You've now got a close-enough idea about what a linked-list is.

You can also have dual-linked lists, where each object also has a `previous`
pointer to the previous object in the list.

If you want, you could store the data directly in this object, rather than
having a pointer out to the actual data (of course).

This kind of thing can be very useful for certain kinds of data manipulation,
where the built-in lists aren't efficient enough - for whatever reason. Say
the language you're using creates an entirely new list whenever you try to
remove an element from the middle of a list - or when you need to be moving /
removing elements all over the place.

The big downside of such a linked list is that you can't easily jump to a
specific item number in the list. So jumping to item 200 means walking through
the first 199 elements in the list to find it.

I've only had to implement a linked list once in a JS project, I don't
remember the reason why. I think the algorithm just worked a lot more
efficiently that way.

One reason a linked list could be useful in a javascript (or PHP, or whatever)
language would be, for instance, if you had a game where when a player hit a
block with a hammer, that block would bounce up and down, as would the two
blocks on either side. If you store all the blocks in a regular list, then you
need to know the index of the block in order to find the blocks on either
side. In a linked list, you don't.

One of the original big advantages of linked lists is that you can have
objects of variable size, and the list can grow and shrink without adjusting
any of the previous elements. Opposed to this is an `array` (sometimes called
a vector) which is a fixed size chunk of memory which is split up into
identical sized parts. You can then jump to element 200 by looking at the
starting position + 200 * the size of a single element.

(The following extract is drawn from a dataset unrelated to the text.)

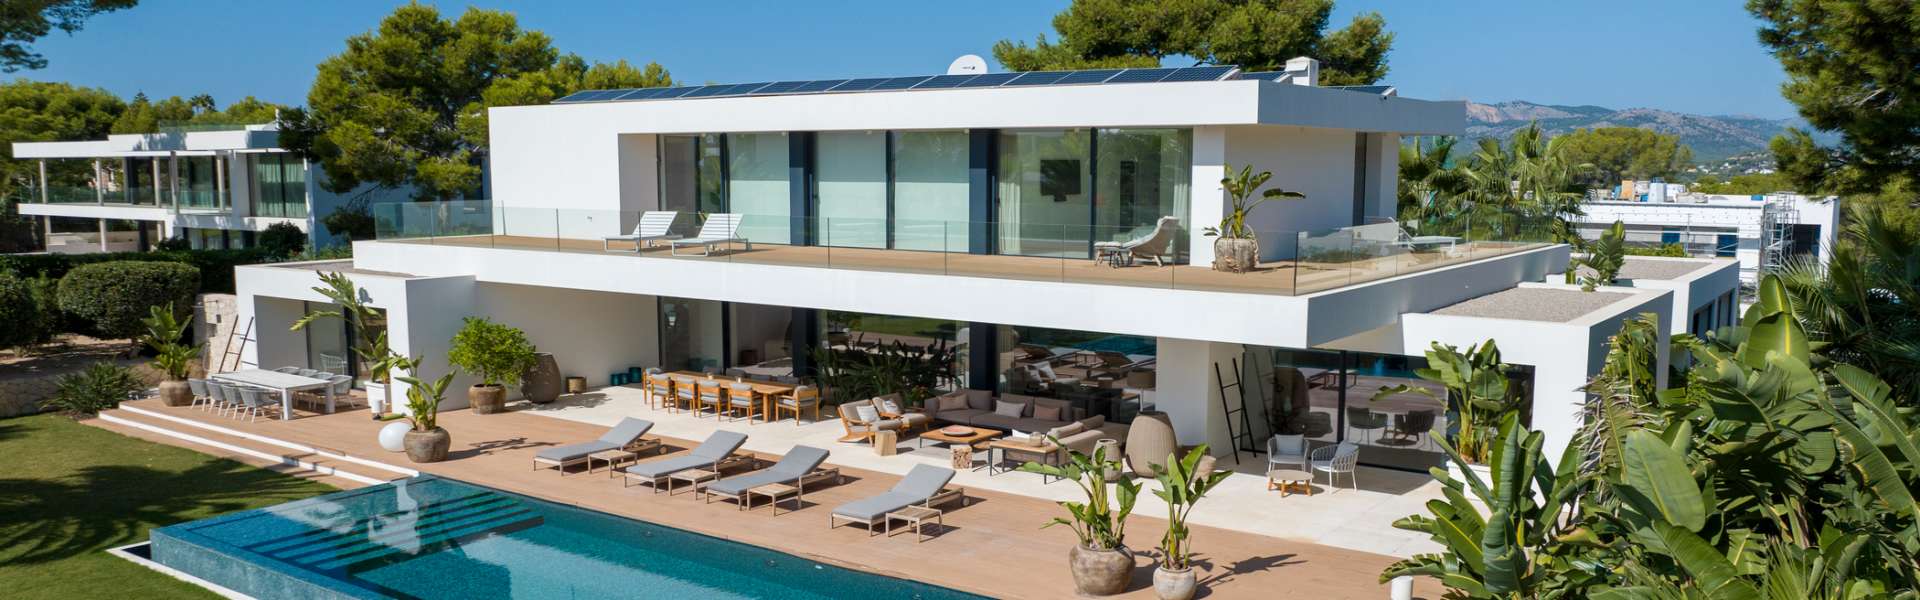 Luxus Villa in Santa Ponsa mit angrenzendem Baugrundstück
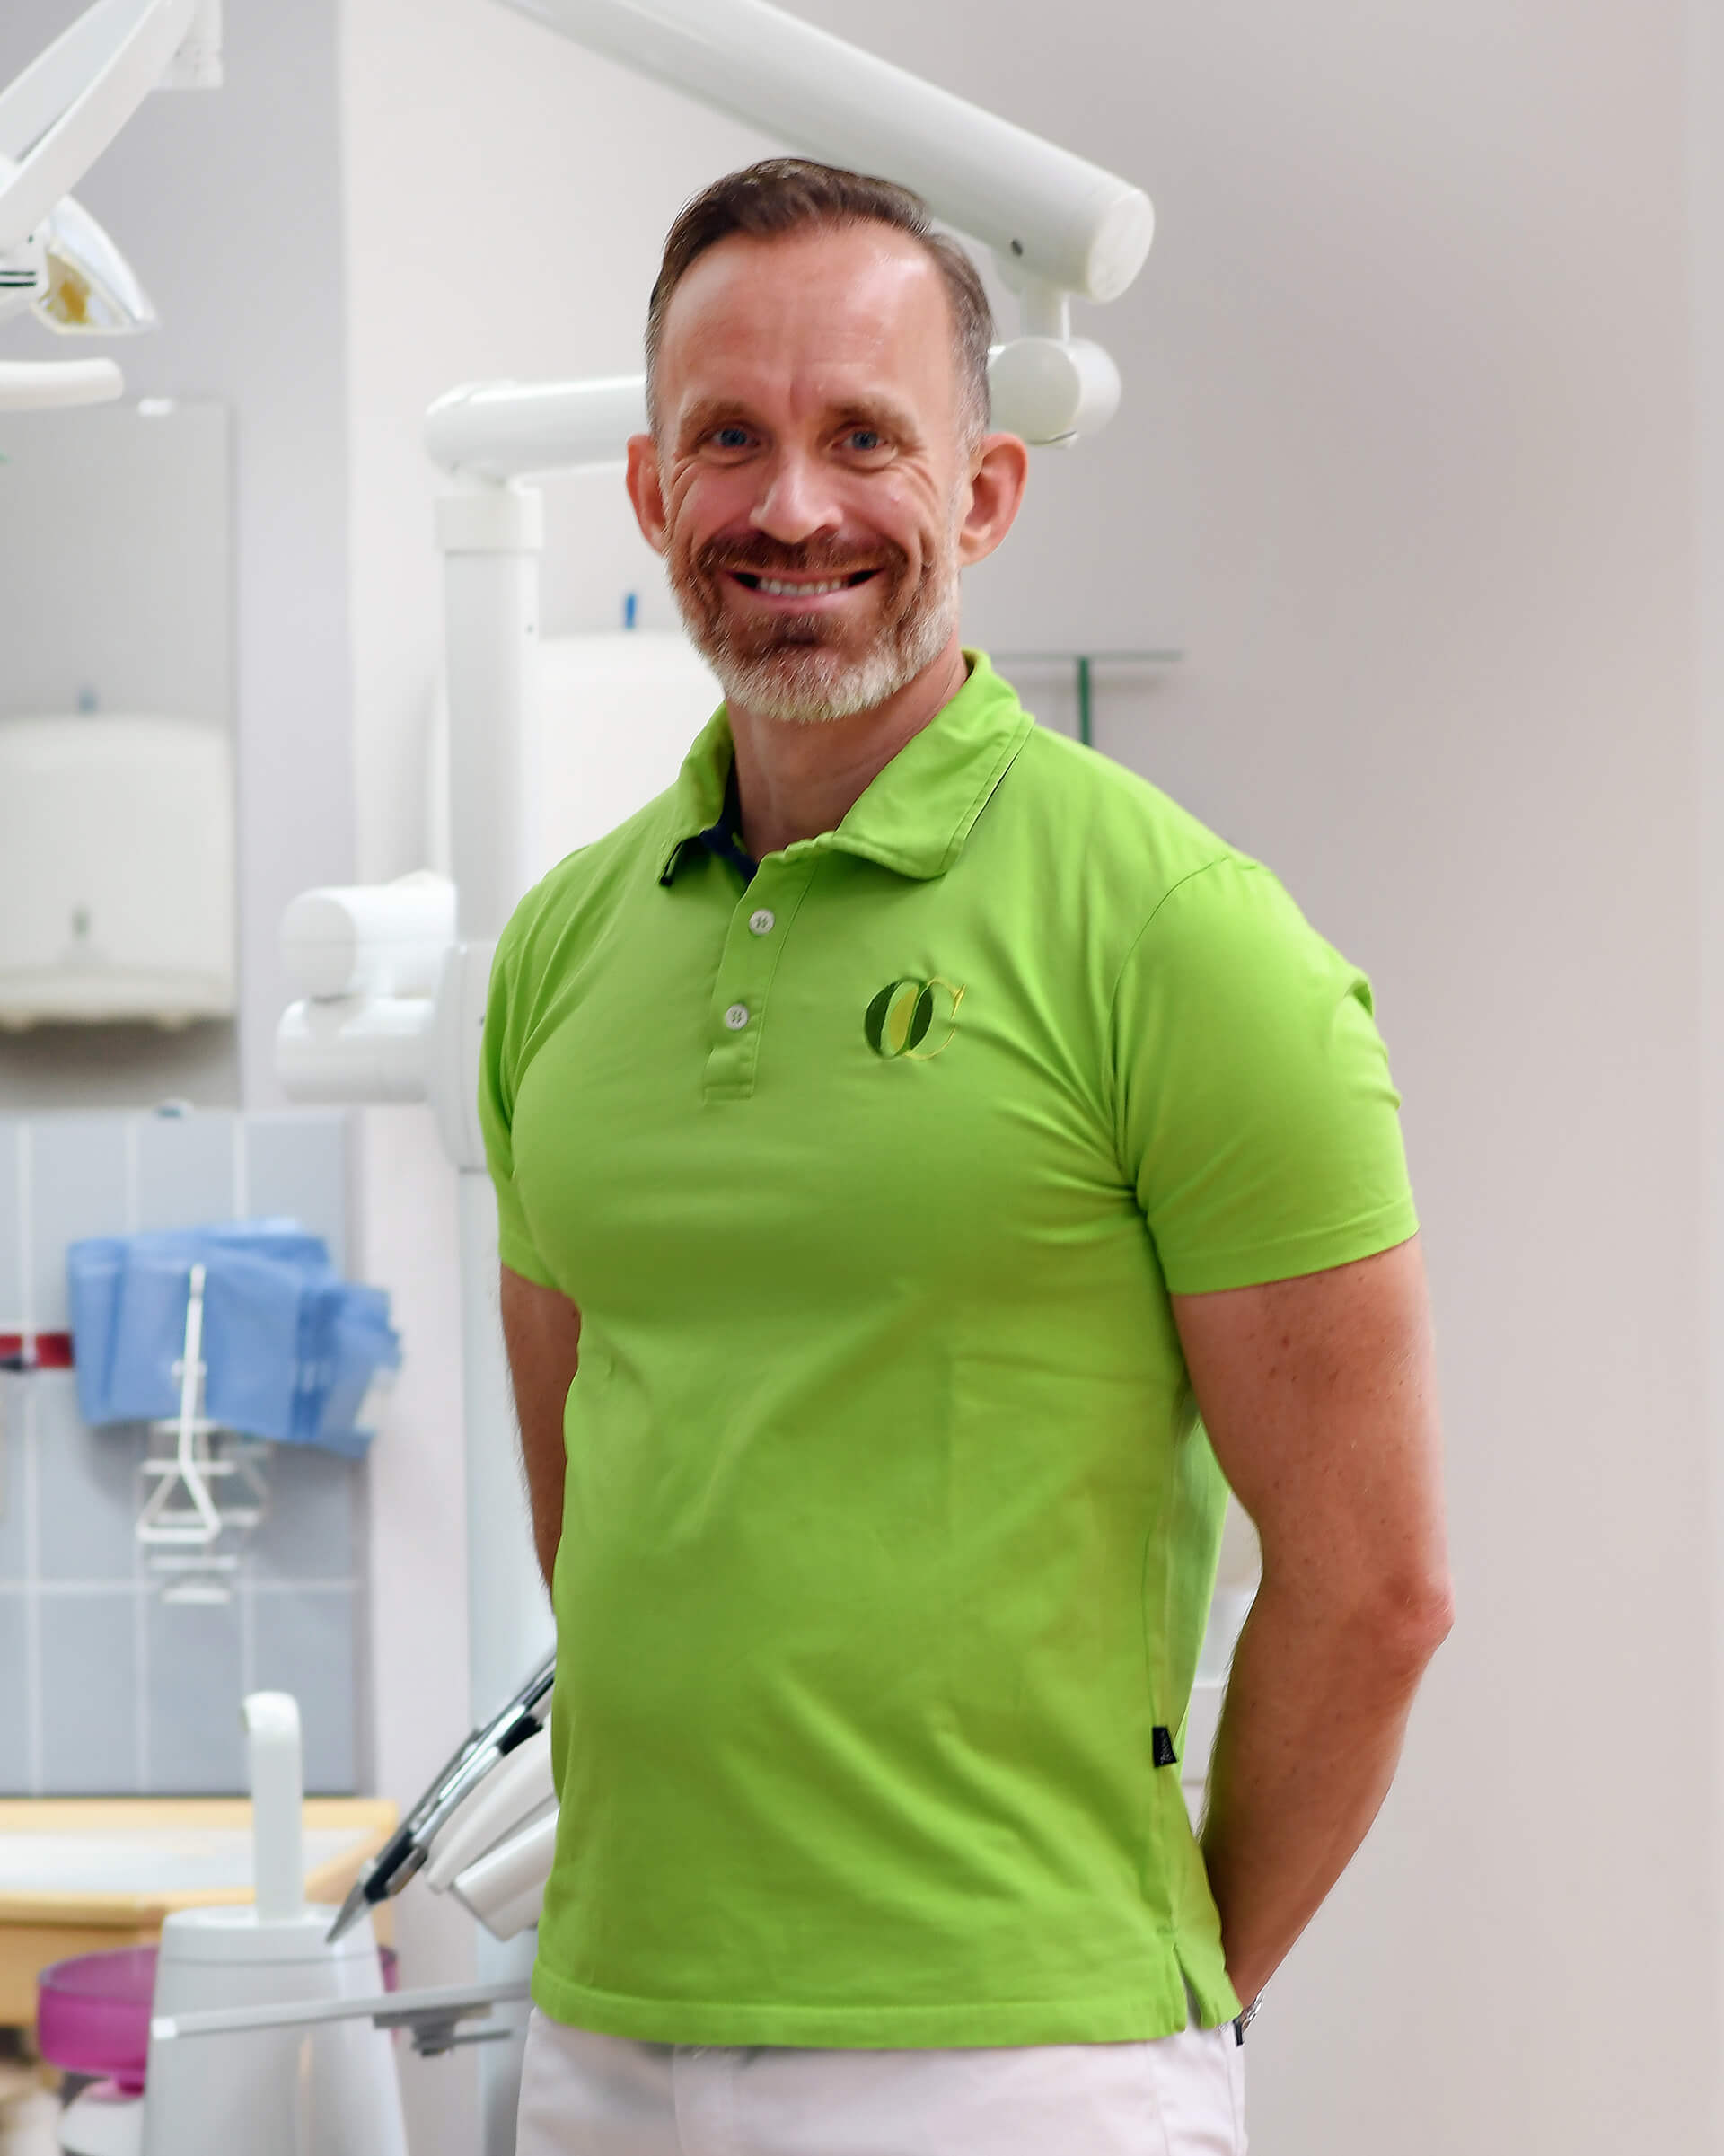 Gustaf Wiklund står i ett behandlingsrum, han har en grön tröja på sig med Oral Cares logotyp och händerna bakom ryggen. Han ler mot kameran.

This works pretty well, but if you want to add another 20 elements into the
middle of the array, you need to allocate a new chunk of memory and move the
whole lot into it, and deallocate the previous entire array. This is one of
the reasons why strings are usually immutable in many languages. Strings are
stored as arrays, not linked lists of letters.

I think it's worth learning about all this "Computer Science" stuff, even if
you don't need it very often, as it means when you come across a new problem
you have a much bigger mental toolkit from which to figure it out.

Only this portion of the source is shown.